İkili ilişkilerde “Sen benim kim olduğumu biliyor musun?” diye başlayan ve haksızlık edildiğini düşündüğü için karşısındakine sözleriyle atom bombaları atan insanlar vardır. “Sen bana bunu nasıl yaparsın?” diye düşünürler. İnançları odur ki kendileri çok yüce kişiler olduğundan, siz ona bunu yapamazsınız.
Trafikte sizi sollayan bir sürücü için “Bunu bana nasıl yapar? Benim kim olduğumu bilmiyor! Ondan bunun hesabını soracağım! Nasıl benim yolumu alır?” düşüncelerini ardı ardına sıralayan ve davranışlarında “tüm yol hakkının kendinde” olduğunu düşünen kişi, ilişkilerinde de kendisine tanıdığı hakların çiğnenmesine karşı aşırı duyarlı ve saldırgandır.
Diğer insanın yaptığı her davranışı, kendisine rağmen ve kendisine karşı yapılmış olarak algılama eğilimi taşıdığından ve her durumda tek haklı olanın kendisi olduğunu zannettiğinden dolayı yanında yaşamayı seçmiş eşine dünyayı dar edebilir.
Her şey kendisini var etmek, kendisini onaylamak ve değersizlik duygularını “değerli olma” duygularıyla doyurmak zorundadır. “Bütün dünya kendisine borçluymuş” gibi davranır herkese.
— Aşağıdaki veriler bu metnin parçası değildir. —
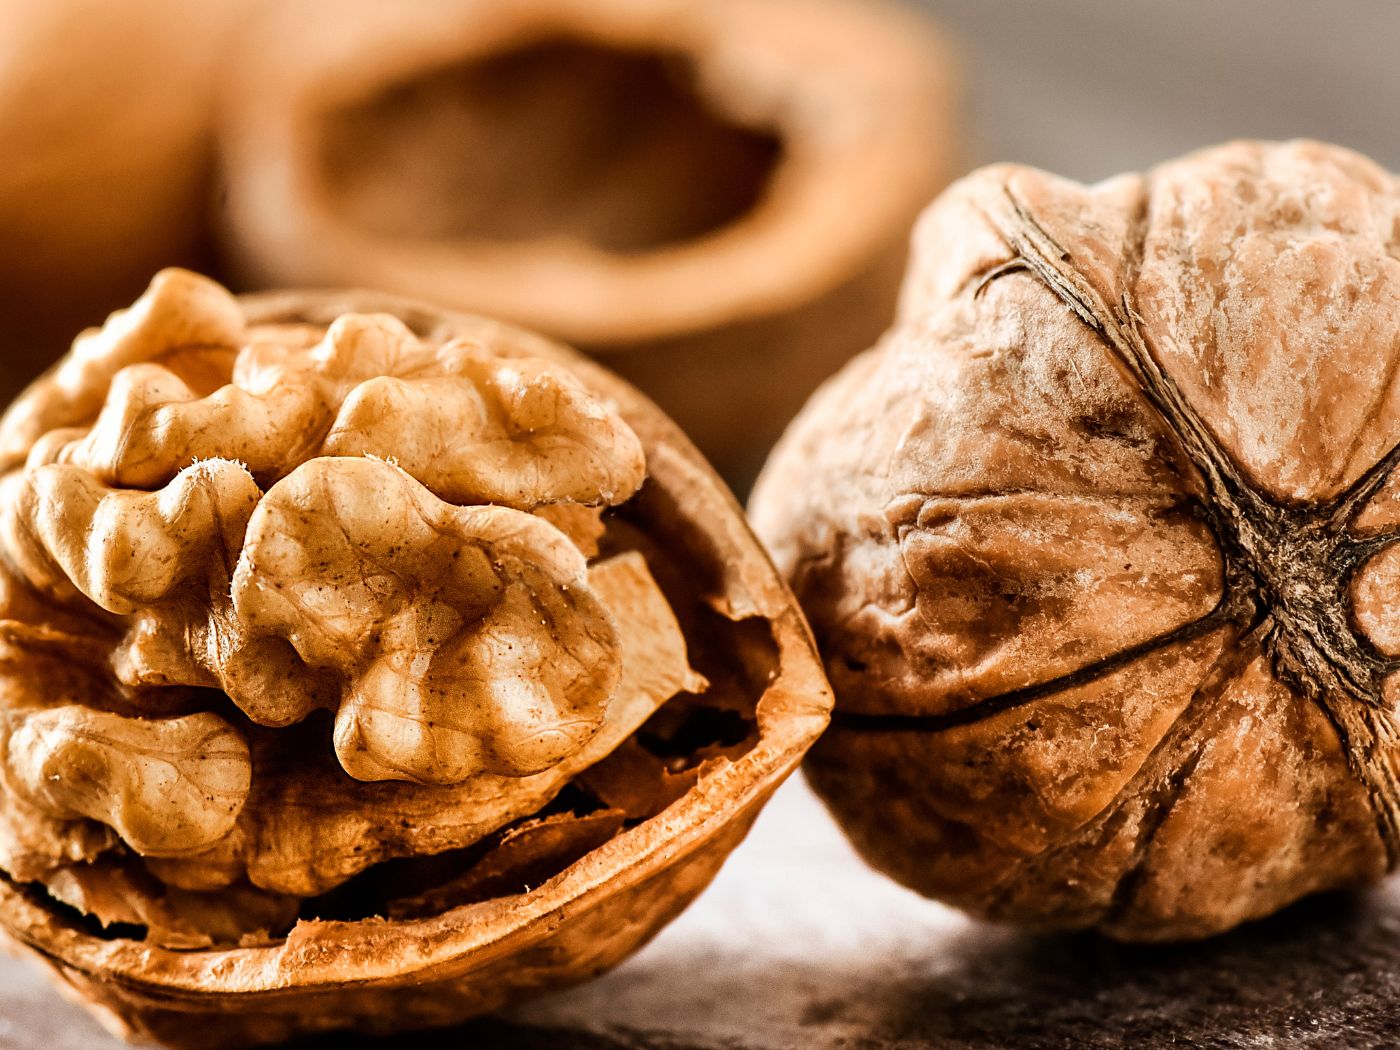 Walnuts: Health Benefits, Nutrition, Side Effects & More - Fittify

Ne kadar da verirseniz verin, borcunuz bir türlü azalmaz! Bir türlü doymak bilmeyen bir yapıyla yaşamaktasınızdır çünkü.
Hep onun acelesi vardır... Hep onun için dönmektedir dünya... Diğer zavallıların varlığı onun içindir... Ve eğer etrafındakiler bunu fark edemiyorlarsa, onlara kim olduğunu en ağır şekilde gösterecektir…
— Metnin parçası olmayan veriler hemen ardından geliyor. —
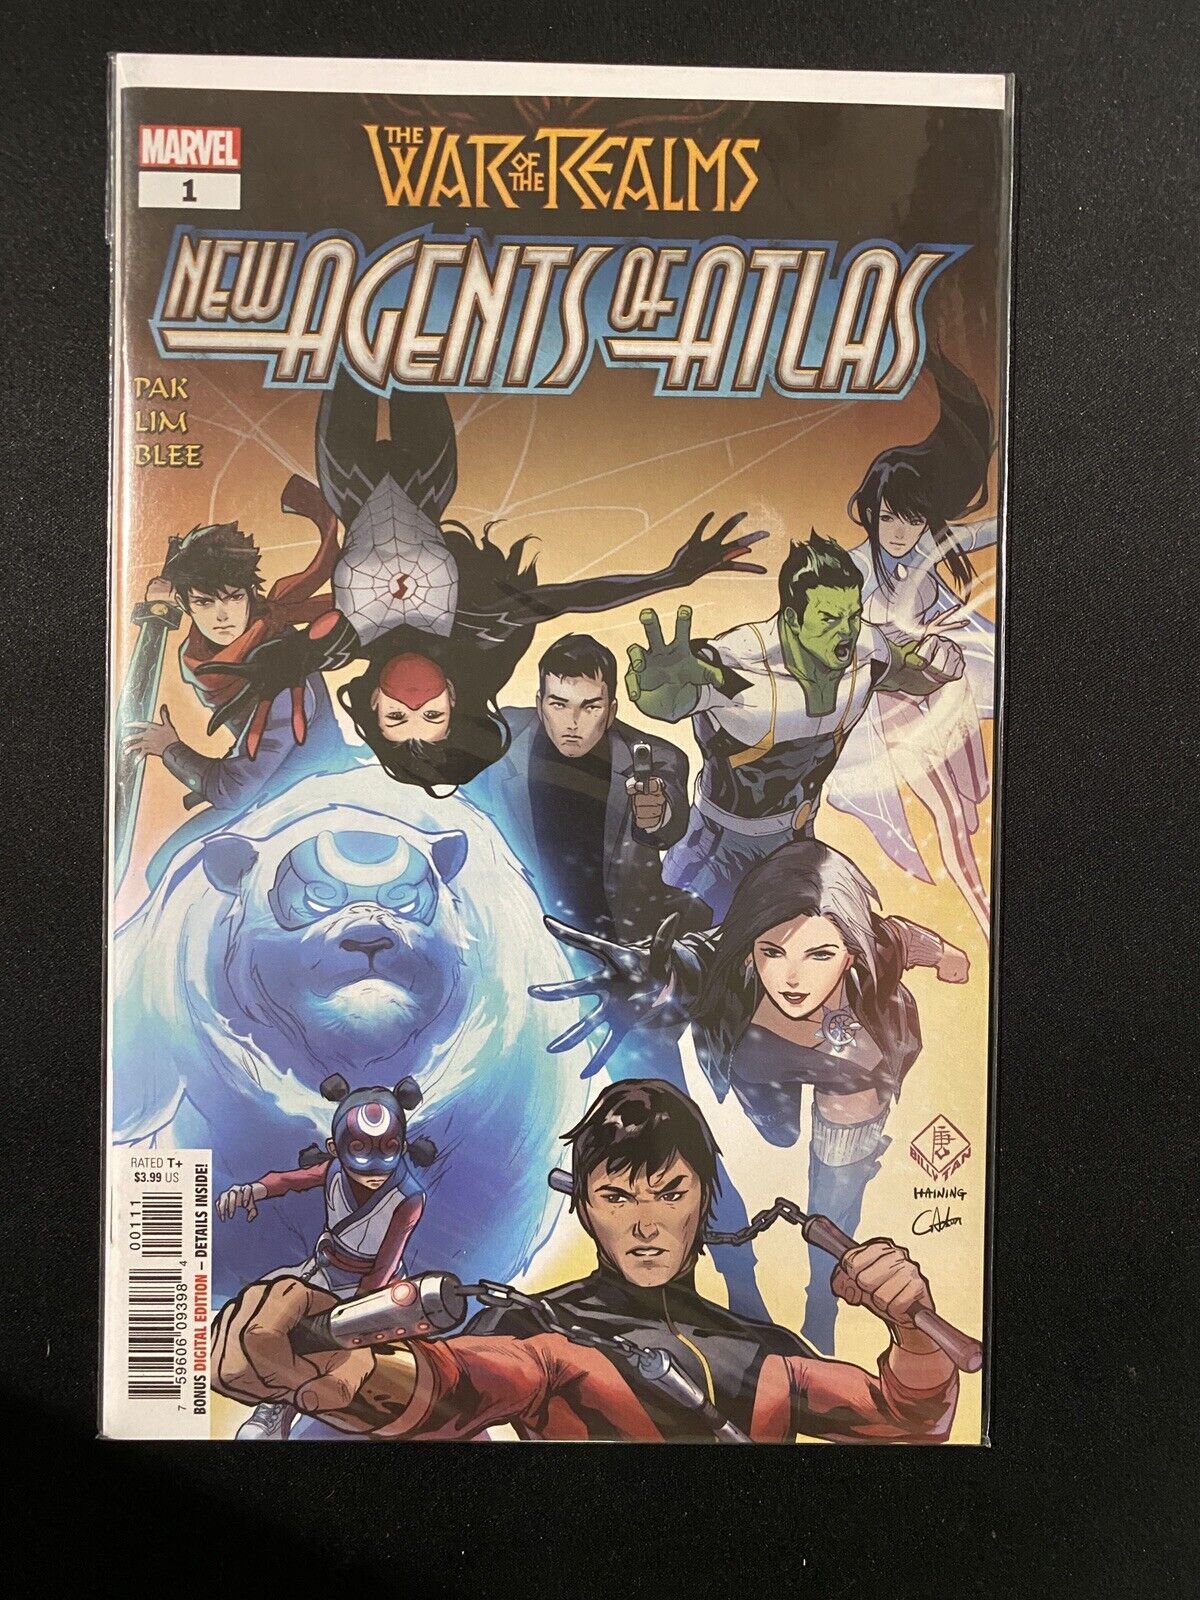 WAR OF THE REALMS NEW AGENTS OF ATLAS #1 (MARVEL 2019) 1ST LUNA SNOW, WAVE, AERO

Kendisi hep haklıdır ve karşı taraf çoğunlukla haksız... Zaman zaman hata yaptığında, kendi hatasının üstünü örtmek için elinden gelen tek şey olarak, karşısındaki kişiyi eleştirmeye başlar. Hatasını görüp kabul etmek ve düzeltmek için harcaması gereken çabayı, diğer kişiyi eleştirerek harcar. Onu haksız çıkarmak için tüm akıl gücünü kullanarak, kendi hatasını gündemden düşürmek ister... Çoğu zaman da bunu yapar. Ama kendi haklılığına inancından ve hatasız olabileceğine saplanıp kalmış olmasından dolayı yaptığı hatalar onu geliştirmez, savunmacılığını geliştirir. Böylece sahte bir dünya içinde kendi yüce varlığına ve haklılığına hayran ola ola bir ömür yaşar ve etrafındakilere de gün yüzü göstermeden çekip gider dünyadan.
Kendi haklılığına inanan insan, suni bir özgüven geliştirir ve zaman zaman bu yönüyle diğer insanları kendisine hayran bırakarak dikkat çekebilir. Bunu devam ettirebilmek adına yüksek bedeller ödese de ve ne kadar sıkıntı yaşasa da buradan beslenen, kendi değerini diğerinin üzerinde bıraktığı etkiyle ölçmeye çalışmış birey için bu durumu bırakmak zordur.
Her zaman haklı olduğunuza inanıyor, tüm insanların da bunu görmesini ve kabul etmesini istiyorsanız... Birisi sizi eleştirdiğinde haklı olsa bile çileden çıkıyorsanız... Her durumda onaylanmak istiyorsanız... Yanlış davranabileceğiniz ihtimaline bile açık değilseniz... Dikkat edin, bir probleminiz var demektir!